DATA SEGMENT:
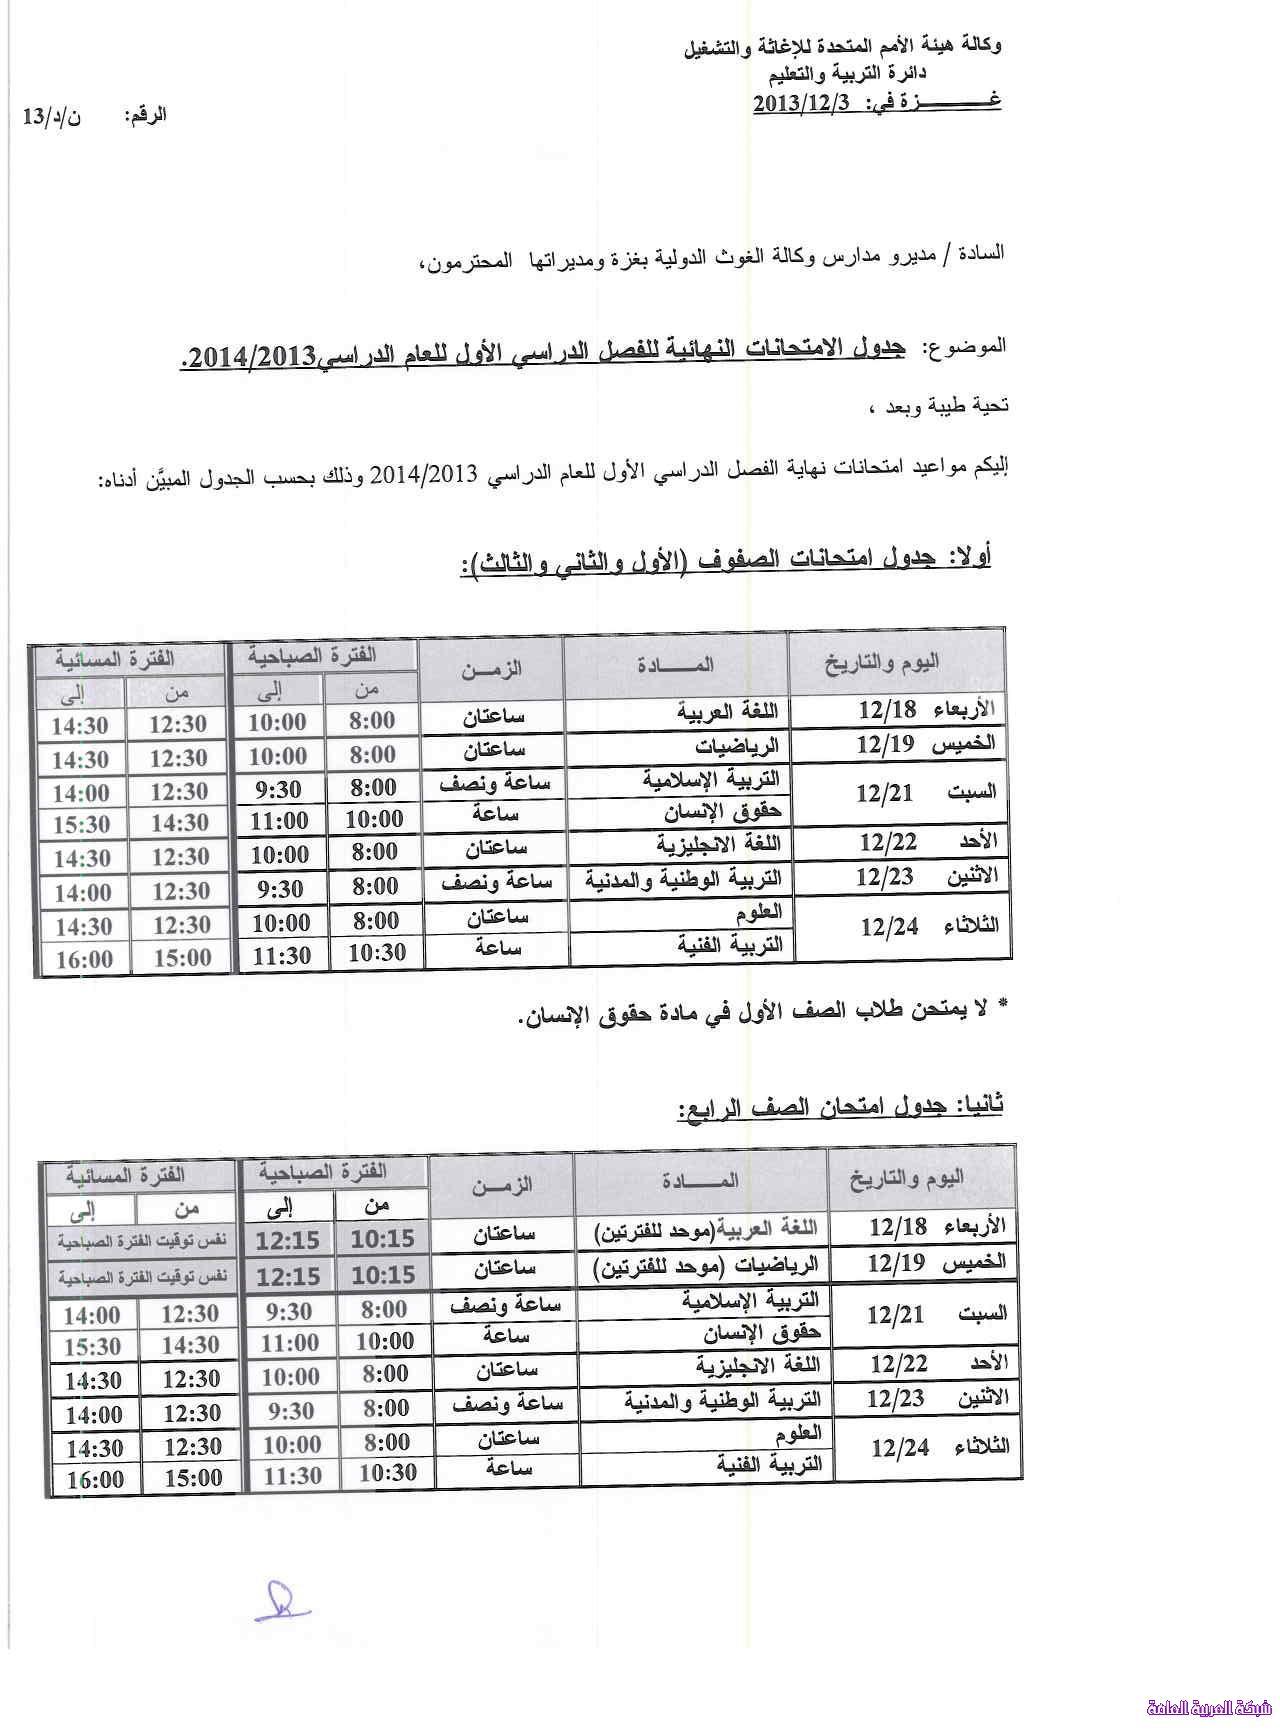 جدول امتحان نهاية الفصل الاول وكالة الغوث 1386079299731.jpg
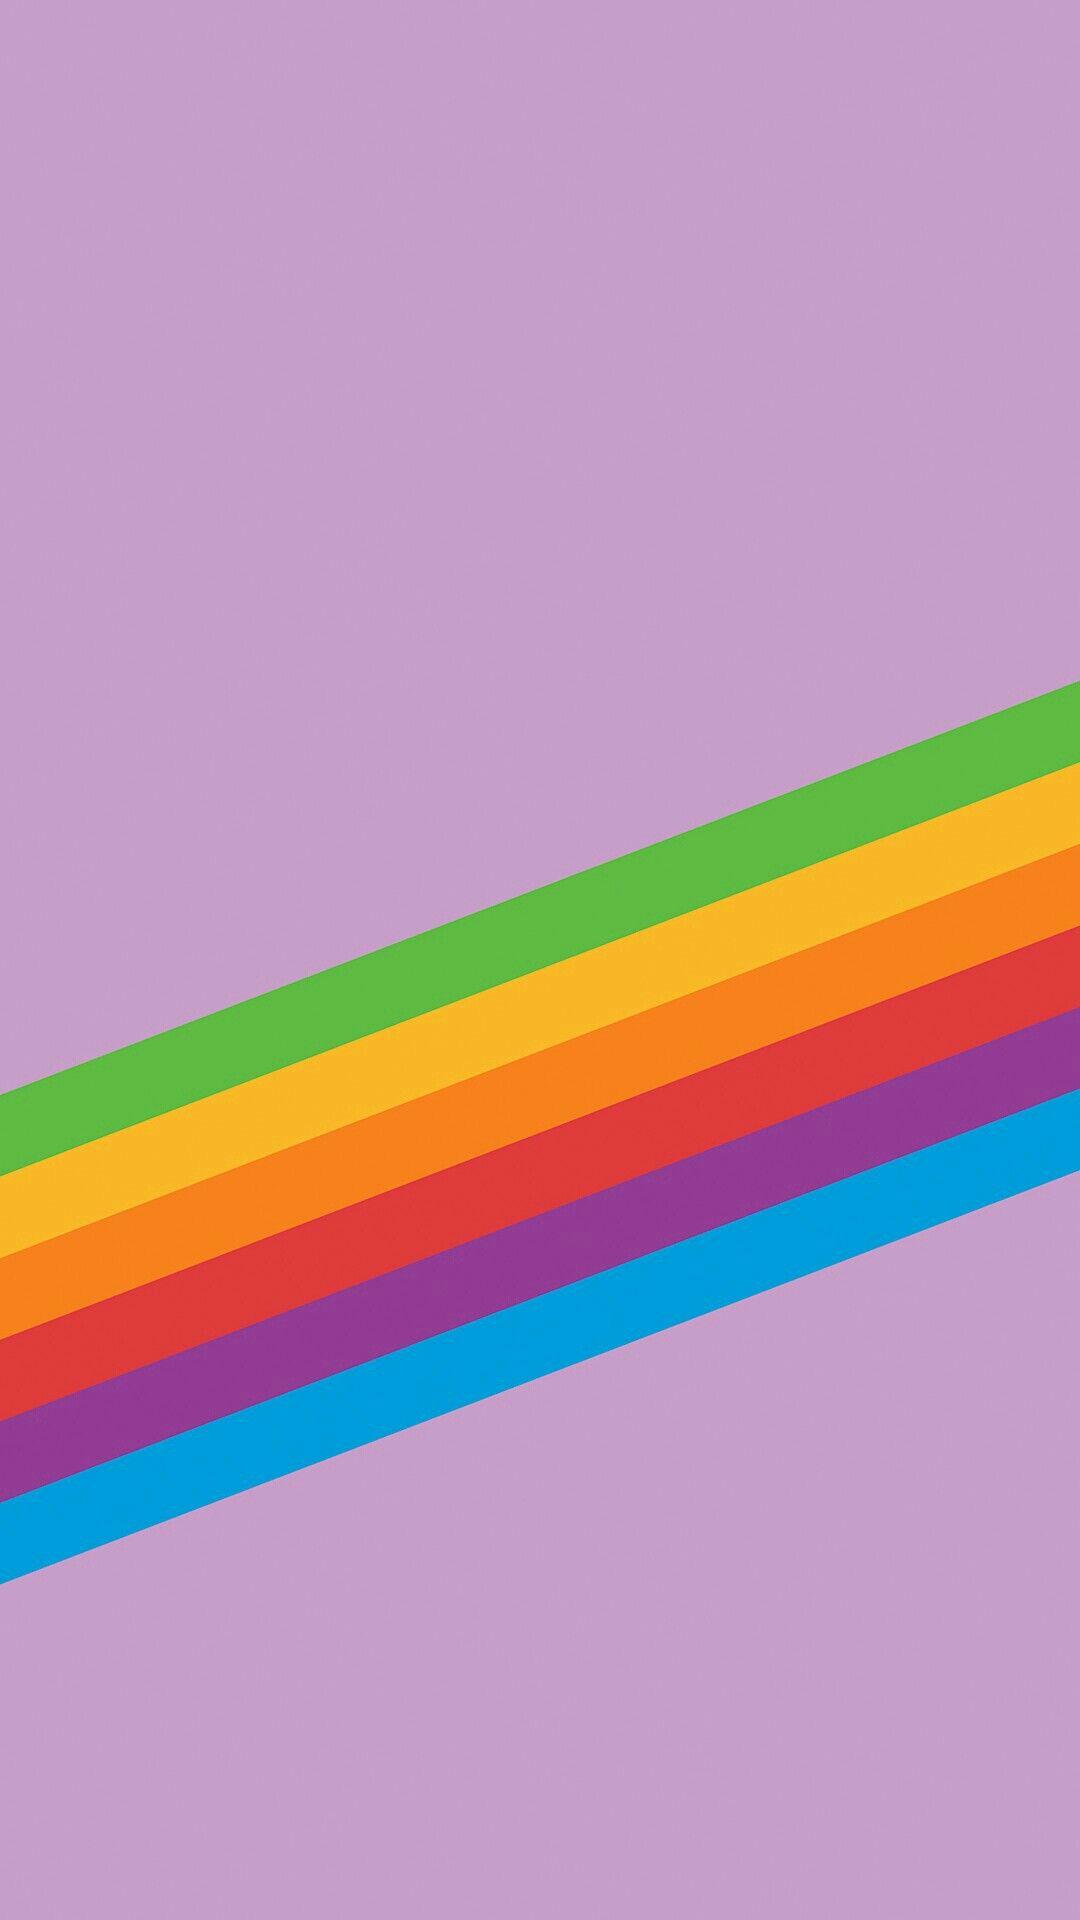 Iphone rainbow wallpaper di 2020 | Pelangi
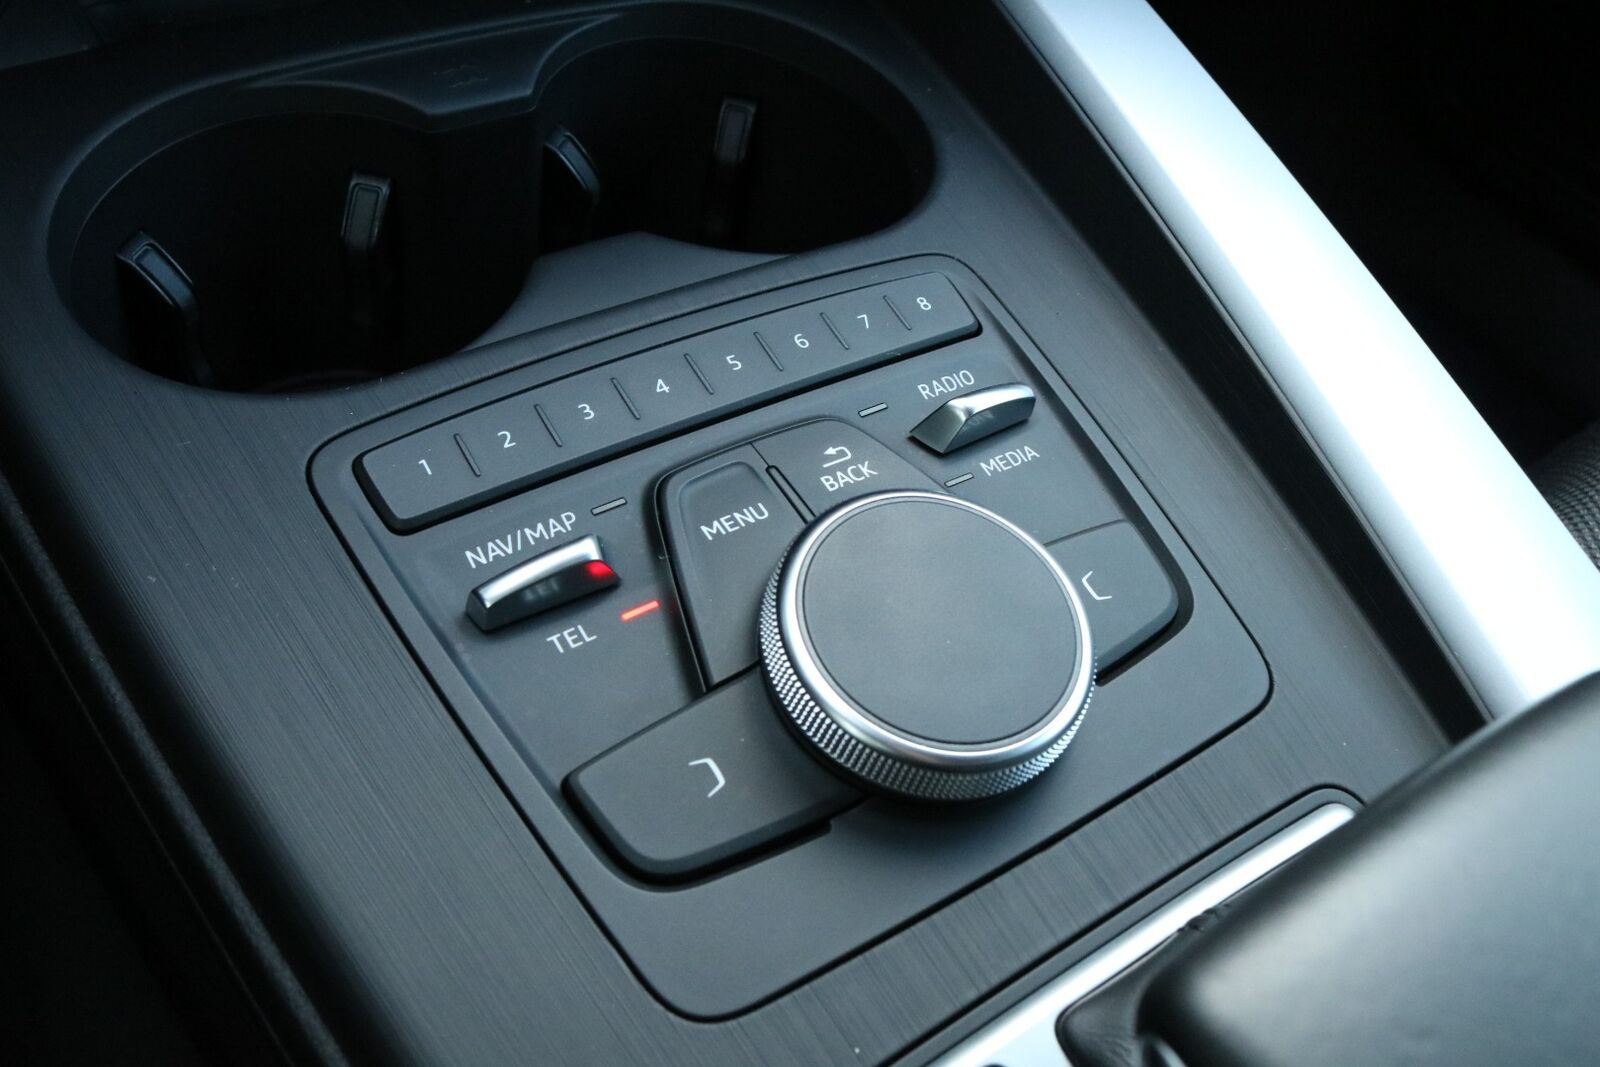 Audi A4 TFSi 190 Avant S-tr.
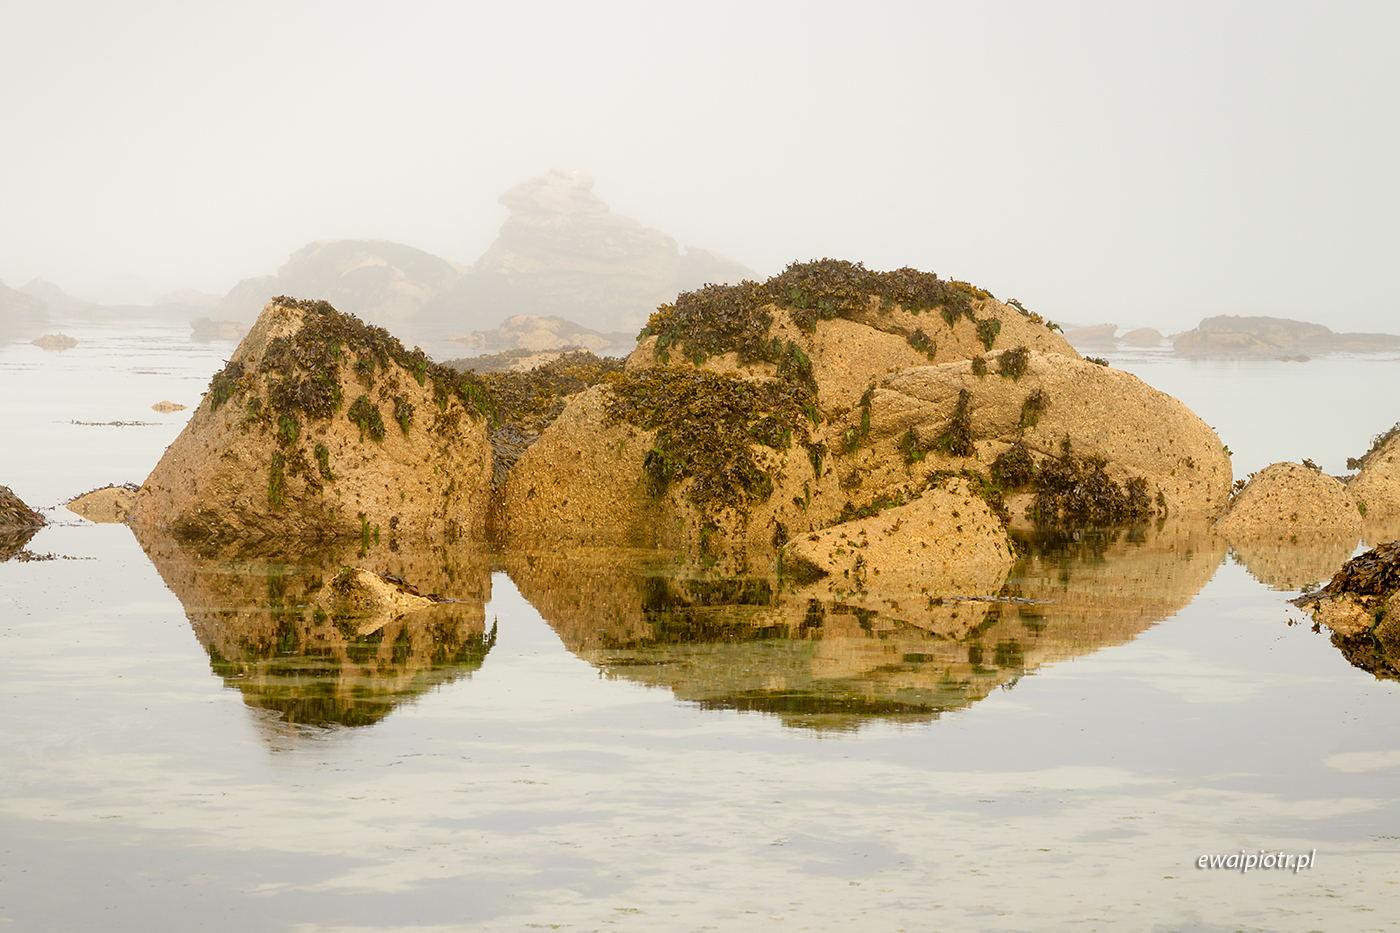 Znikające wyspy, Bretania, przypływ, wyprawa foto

PROBLEM TO WORK ON: Reproduce all of the data exactly, omitting each picture it holds.

YOUR SOLUTION:
 جدول امتحان نهاية الفصل الاول وكالة الغوث 1386079299731.jpg
 Iphone rainbow wallpaper di 2020 | Pelangi
 Audi A4 TFSi 190 Avant S-tr.
 Znikające wyspy, Bretania, przypływ, wyprawa foto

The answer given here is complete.